For each woman in the study, an overall LR was calculated from the product of the individual LR in turn corresponding to the presence and absence of an abnormality or marker. When none were present, the overall LR was the directly computed value. The Down syndrome risk based on maternal age alone and each of the screening tests, respectively, was modified by multiplying the odds by the overall LR. To do this, the risk was first expressed as an odds, which was then multiplied by the LR and reexpressed in terms of risk, as described by Royston and Thompson.12 In general, the LR for the presence of a useful marker is greater than 2, and that for absence will be somewhat less than 1 but not markedly so. Thus, the presence of even a single isolated marker is likely to increase the Down syndrome risk. However, if that marker is relatively weak, it may be considerably offset by the absence of other stronger markers when multiplied together.

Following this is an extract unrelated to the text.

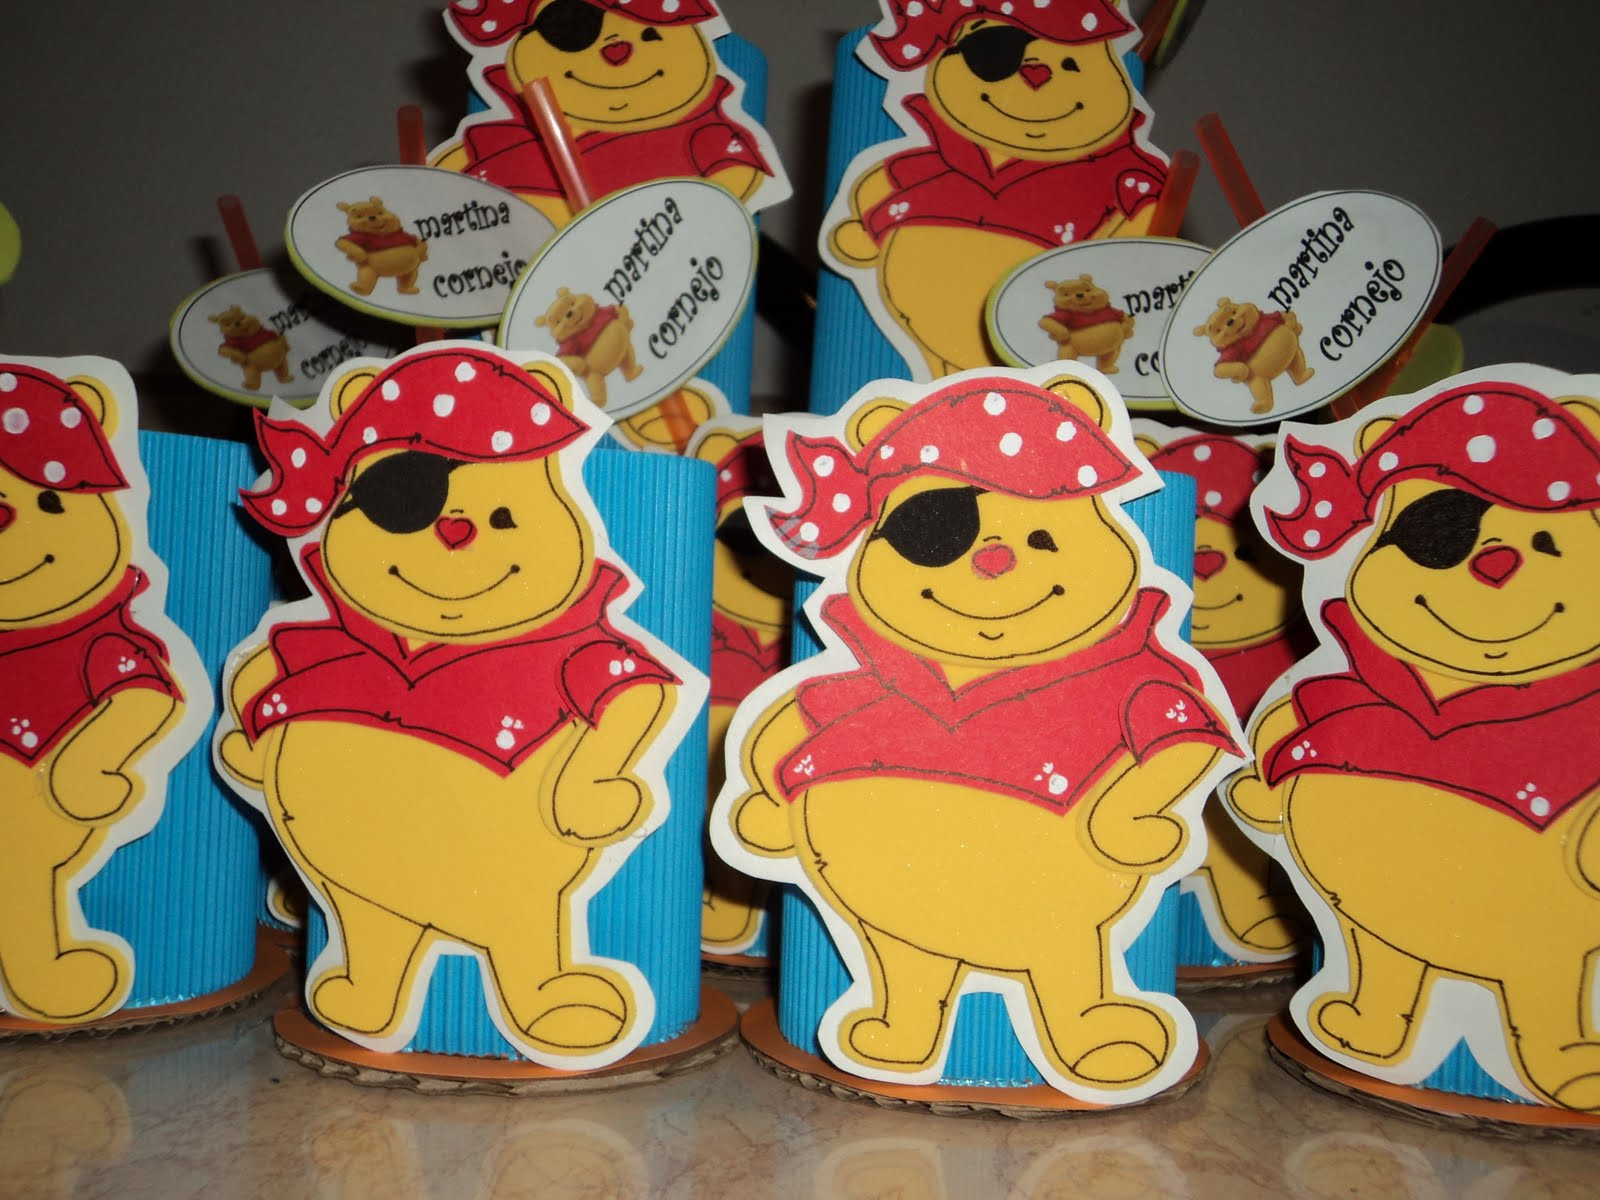 fiestas infantiles cajita sorpresera foamy moldes piglet

For the genetic sonogram alone, the 92nd–99th percentiles of risk were computed, and the detection rate was calculated using these as the cutoff risks. This detection rate for a fixed 5% false-positive rate was similarly calculated for the five screening tests before and after risk was modified by the genetic sonogram results. In addition, the detection rates were calculated for policies of substituting the genetic sonogram for biochemistry as the second stage of stepwise and contingent tests. Detection and false-positive rates were also calculated using a fixed 1 in 270 midtrimester risk cutoff. Pearson correlation coefficients were calculated, after logarithmic transformation, between each of the seven Down syndrome screening markers, in MoMs, and the overall LR. Pearson correlation coefficients were also calculated between femur and humerus length, in MoMs, after logarithmic transformation. To avoid the influence of extreme outliers, results exceeding three standard deviations from the mean were excluded.

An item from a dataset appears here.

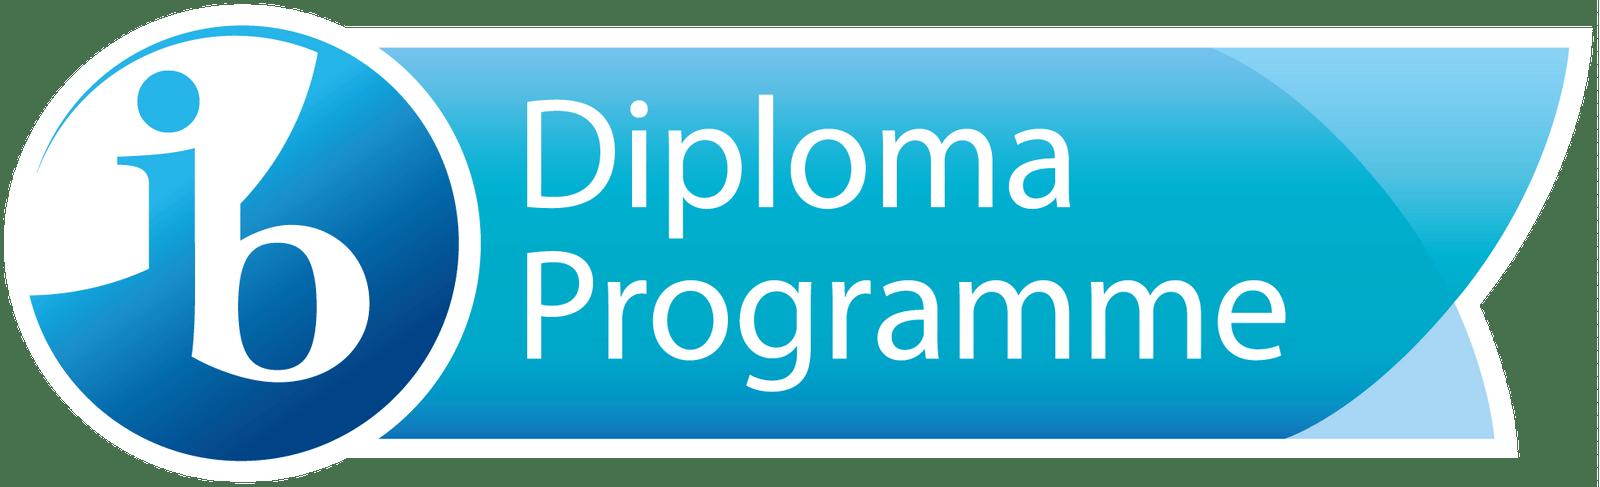 International Baccalaureate Diploma Program (IBDP) Logo at GIIS Dubai

During the trial, patients who remained at their original FASTER site for genetic sonography were counseled about any soft markers based on accepted clinical practice and policies in place at the time of study initiation. The LRs cited herein were not available to clinicians and hence were not used to inform decision making or choice.
The mean (±SD) maternal age in the study was 30.6±6.1 years, consistent with recent U.S. estimates on the mean maternal age distribution approximating 28 years.13Table 1 compares the patient characteristics of those who had a genetic sonogram at one of the 13 participating FASTER centers compared with those who were not scanned there. The cohort who received a genetic sonogram at a FASTER center did not differ from the index study population by virtue of mean maternal age (30.6±6.1 compared with 30.1±5.8 years), advanced maternal age, body mass index (25.1±5.2 compared with 25.1±5.3 kg/m2), or obesity (body mass index 30 kg/m2 or greater) (Table 1). The cohort receiving a genetic sonogram had a higher a priori risk of Down syndrome, but not markedly so (Table 1). A significantly greater proportion of women self-identifying as of Hispanic origin underwent genetic sonography because the FASTER center contributing the largest number of sonographic examinations had a 68% Hispanic population (Table 1).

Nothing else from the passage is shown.